----- Records provided

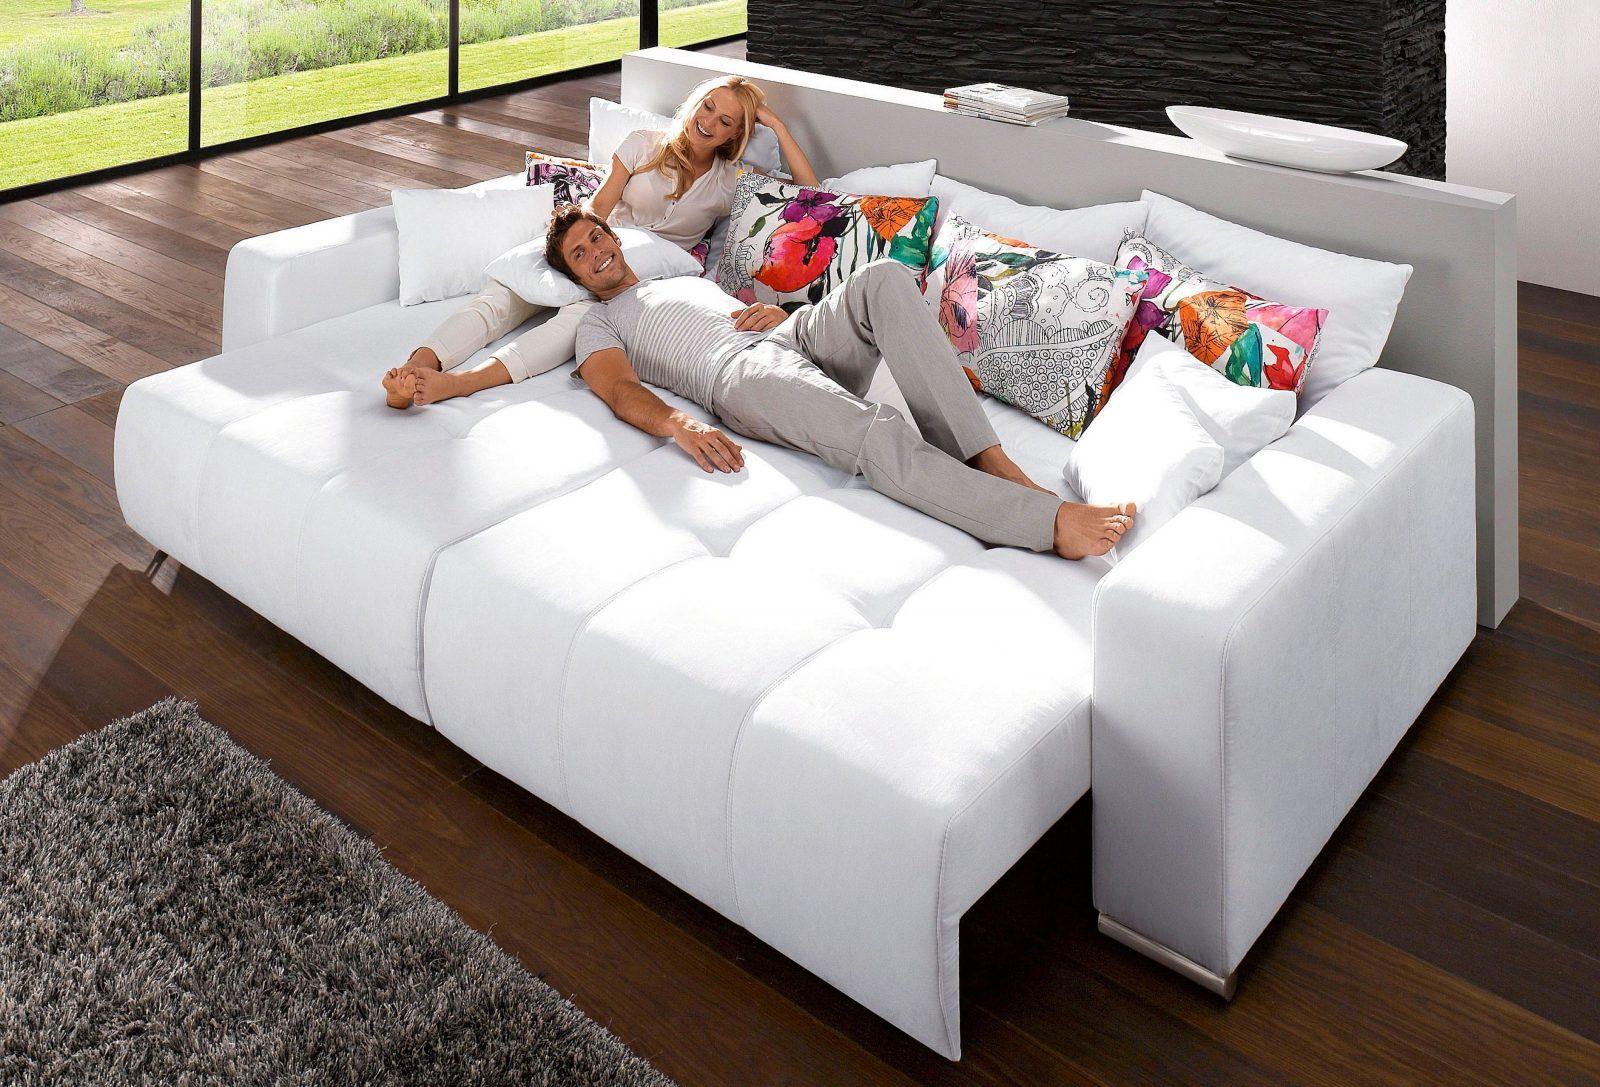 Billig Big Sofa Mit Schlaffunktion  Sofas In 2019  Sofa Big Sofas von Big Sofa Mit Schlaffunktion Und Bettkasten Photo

----------
----- Records provided

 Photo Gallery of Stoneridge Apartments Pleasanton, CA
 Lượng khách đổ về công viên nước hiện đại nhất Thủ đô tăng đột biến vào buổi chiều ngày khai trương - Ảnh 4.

----------

## What the task requires
Could you set down, word for word, only the lines above from the line with "Photo Gallery of" to the line with "Lượng khách đổ", including both?

## The completed task
 Photo Gallery of Stoneridge Apartments Pleasanton, CA
 Lượng khách đổ về công viên nước hiện đại nhất Thủ đô tăng đột biến vào buổi chiều ngày khai trương - Ảnh 4.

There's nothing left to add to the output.